'''

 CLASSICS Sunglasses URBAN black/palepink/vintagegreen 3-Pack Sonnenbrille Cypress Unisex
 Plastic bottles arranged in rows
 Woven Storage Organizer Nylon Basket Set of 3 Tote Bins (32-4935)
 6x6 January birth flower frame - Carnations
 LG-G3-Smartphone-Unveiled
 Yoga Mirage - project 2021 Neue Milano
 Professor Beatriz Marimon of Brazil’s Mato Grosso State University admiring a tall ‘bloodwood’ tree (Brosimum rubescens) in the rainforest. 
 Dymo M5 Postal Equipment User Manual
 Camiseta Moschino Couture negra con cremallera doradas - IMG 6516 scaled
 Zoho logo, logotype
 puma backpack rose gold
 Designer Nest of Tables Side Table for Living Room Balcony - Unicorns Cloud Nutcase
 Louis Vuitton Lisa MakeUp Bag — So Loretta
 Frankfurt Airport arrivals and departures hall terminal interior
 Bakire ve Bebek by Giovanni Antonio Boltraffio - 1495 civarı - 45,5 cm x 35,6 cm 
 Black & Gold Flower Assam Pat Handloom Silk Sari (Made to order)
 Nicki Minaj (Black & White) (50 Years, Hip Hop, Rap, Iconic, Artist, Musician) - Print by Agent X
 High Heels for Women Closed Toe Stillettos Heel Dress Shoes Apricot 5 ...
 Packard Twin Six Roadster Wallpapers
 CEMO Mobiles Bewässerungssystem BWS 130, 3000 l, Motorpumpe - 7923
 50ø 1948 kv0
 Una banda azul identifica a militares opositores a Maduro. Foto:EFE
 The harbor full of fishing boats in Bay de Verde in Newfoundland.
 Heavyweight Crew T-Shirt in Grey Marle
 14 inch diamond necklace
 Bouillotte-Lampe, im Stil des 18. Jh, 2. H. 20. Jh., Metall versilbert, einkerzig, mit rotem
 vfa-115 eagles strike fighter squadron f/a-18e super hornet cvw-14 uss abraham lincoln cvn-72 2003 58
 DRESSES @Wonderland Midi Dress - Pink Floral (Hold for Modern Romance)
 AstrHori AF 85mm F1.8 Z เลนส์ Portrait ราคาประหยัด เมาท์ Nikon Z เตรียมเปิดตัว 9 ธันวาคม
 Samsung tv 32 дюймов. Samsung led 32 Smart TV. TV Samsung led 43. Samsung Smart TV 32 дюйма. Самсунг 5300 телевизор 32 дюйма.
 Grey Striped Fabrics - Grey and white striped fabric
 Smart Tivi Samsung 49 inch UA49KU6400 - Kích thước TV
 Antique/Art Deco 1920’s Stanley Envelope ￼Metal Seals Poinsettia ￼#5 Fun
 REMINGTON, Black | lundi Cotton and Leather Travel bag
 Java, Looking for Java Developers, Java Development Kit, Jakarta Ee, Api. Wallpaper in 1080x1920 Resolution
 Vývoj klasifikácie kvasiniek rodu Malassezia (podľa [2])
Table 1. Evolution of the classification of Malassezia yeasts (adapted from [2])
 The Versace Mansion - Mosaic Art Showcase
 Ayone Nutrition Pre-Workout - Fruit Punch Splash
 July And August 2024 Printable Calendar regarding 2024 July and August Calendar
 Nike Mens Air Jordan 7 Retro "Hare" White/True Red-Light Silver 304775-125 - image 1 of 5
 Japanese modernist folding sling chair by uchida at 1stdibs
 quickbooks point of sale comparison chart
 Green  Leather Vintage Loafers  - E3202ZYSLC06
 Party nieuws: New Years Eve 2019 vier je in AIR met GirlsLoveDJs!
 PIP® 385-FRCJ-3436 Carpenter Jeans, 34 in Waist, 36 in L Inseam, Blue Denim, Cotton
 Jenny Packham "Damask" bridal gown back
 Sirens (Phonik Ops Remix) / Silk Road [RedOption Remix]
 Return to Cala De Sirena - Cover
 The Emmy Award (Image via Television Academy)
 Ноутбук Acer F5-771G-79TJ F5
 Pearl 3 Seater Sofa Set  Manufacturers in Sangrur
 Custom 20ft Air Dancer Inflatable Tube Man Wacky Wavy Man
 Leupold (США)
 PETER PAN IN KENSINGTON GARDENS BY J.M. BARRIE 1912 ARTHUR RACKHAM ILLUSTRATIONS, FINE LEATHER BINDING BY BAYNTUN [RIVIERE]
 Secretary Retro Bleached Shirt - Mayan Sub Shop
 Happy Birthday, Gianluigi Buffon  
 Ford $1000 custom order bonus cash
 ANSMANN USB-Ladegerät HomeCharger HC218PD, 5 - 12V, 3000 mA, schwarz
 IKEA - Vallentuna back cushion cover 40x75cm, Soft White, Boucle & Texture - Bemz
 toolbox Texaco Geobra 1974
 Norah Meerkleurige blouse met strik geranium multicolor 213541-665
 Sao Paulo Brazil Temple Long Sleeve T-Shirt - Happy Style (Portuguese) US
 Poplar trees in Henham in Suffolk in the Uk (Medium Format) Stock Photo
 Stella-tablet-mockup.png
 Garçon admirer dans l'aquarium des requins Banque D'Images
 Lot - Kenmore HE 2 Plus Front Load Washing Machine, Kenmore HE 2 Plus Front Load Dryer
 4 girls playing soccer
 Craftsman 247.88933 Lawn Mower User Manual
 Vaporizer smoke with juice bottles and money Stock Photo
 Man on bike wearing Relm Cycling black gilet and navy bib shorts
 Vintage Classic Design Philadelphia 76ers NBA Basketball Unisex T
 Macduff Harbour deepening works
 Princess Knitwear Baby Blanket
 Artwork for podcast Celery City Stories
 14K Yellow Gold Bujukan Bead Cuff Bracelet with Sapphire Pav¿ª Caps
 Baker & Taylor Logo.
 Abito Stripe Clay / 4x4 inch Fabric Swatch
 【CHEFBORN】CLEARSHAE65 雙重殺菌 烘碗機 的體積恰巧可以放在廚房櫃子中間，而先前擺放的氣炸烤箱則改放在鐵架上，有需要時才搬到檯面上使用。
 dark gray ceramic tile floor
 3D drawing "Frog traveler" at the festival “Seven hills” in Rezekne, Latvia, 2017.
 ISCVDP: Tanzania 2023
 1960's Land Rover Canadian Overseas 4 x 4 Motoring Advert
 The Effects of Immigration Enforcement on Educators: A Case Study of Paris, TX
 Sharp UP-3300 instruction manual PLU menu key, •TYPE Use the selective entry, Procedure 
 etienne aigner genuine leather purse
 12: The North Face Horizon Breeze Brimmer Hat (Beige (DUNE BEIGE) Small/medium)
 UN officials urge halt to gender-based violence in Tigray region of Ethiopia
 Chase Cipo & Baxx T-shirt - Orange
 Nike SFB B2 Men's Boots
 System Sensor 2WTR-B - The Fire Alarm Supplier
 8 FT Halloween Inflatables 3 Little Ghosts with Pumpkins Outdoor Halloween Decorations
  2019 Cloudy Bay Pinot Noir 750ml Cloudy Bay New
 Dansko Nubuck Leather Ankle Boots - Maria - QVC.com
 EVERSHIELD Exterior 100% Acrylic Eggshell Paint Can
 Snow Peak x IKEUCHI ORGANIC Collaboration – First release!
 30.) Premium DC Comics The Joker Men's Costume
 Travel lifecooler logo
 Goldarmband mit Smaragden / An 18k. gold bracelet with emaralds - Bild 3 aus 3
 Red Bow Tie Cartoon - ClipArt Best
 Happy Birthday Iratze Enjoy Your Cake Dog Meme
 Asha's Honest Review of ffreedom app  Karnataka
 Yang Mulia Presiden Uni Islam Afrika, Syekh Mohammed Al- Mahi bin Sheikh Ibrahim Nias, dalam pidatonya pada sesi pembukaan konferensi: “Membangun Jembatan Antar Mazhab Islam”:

'''

WORK TO BE COMPLETED
Repeat word for word the lines above that run from the line containing "bridal gown back" through the line containing "Chase Cipo & Baxx T-shirt - Orange", both ends included, and nothing else.

OUTPUT FOR THIS EXERCISE
 Jenny Packham "Damask" bridal gown back
 Sirens (Phonik Ops Remix) / Silk Road [RedOption Remix]
 Return to Cala De Sirena - Cover
 The Emmy Award (Image via Television Academy)
 Ноутбук Acer F5-771G-79TJ F5
 Pearl 3 Seater Sofa Set  Manufacturers in Sangrur
 Custom 20ft Air Dancer Inflatable Tube Man Wacky Wavy Man
 Leupold (США)
 PETER PAN IN KENSINGTON GARDENS BY J.M. BARRIE 1912 ARTHUR RACKHAM ILLUSTRATIONS, FINE LEATHER BINDING BY BAYNTUN [RIVIERE]
 Secretary Retro Bleached Shirt - Mayan Sub Shop
 Happy Birthday, Gianluigi Buffon  
 Ford $1000 custom order bonus cash
 ANSMANN USB-Ladegerät HomeCharger HC218PD, 5 - 12V, 3000 mA, schwarz
 IKEA - Vallentuna back cushion cover 40x75cm, Soft White, Boucle & Texture - Bemz
 toolbox Texaco Geobra 1974
 Norah Meerkleurige blouse met strik geranium multicolor 213541-665
 Sao Paulo Brazil Temple Long Sleeve T-Shirt - Happy Style (Portuguese) US
 Poplar trees in Henham in Suffolk in the Uk (Medium Format) Stock Photo
 Stella-tablet-mockup.png
 Garçon admirer dans l'aquarium des requins Banque D'Images
 Lot - Kenmore HE 2 Plus Front Load Washing Machine, Kenmore HE 2 Plus Front Load Dryer
 4 girls playing soccer
 Craftsman 247.88933 Lawn Mower User Manual
 Vaporizer smoke with juice bottles and money Stock Photo
 Man on bike wearing Relm Cycling black gilet and navy bib shorts
 Vintage Classic Design Philadelphia 76ers NBA Basketball Unisex T
 Macduff Harbour deepening works
 Princess Knitwear Baby Blanket
 Artwork for podcast Celery City Stories
 14K Yellow Gold Bujukan Bead Cuff Bracelet with Sapphire Pav¿ª Caps
 Baker & Taylor Logo.
 Abito Stripe Clay / 4x4 inch Fabric Swatch
 【CHEFBORN】CLEARSHAE65 雙重殺菌 烘碗機 的體積恰巧可以放在廚房櫃子中間，而先前擺放的氣炸烤箱則改放在鐵架上，有需要時才搬到檯面上使用。
 dark gray ceramic tile floor
 3D drawing "Frog traveler" at the festival “Seven hills” in Rezekne, Latvia, 2017.
 ISCVDP: Tanzania 2023
 1960's Land Rover Canadian Overseas 4 x 4 Motoring Advert
 The Effects of Immigration Enforcement on Educators: A Case Study of Paris, TX
 Sharp UP-3300 instruction manual PLU menu key, •TYPE Use the selective entry, Procedure 
 etienne aigner genuine leather purse
 12: The North Face Horizon Breeze Brimmer Hat (Beige (DUNE BEIGE) Small/medium)
 UN officials urge halt to gender-based violence in Tigray region of Ethiopia
 Chase Cipo & Baxx T-shirt - Orange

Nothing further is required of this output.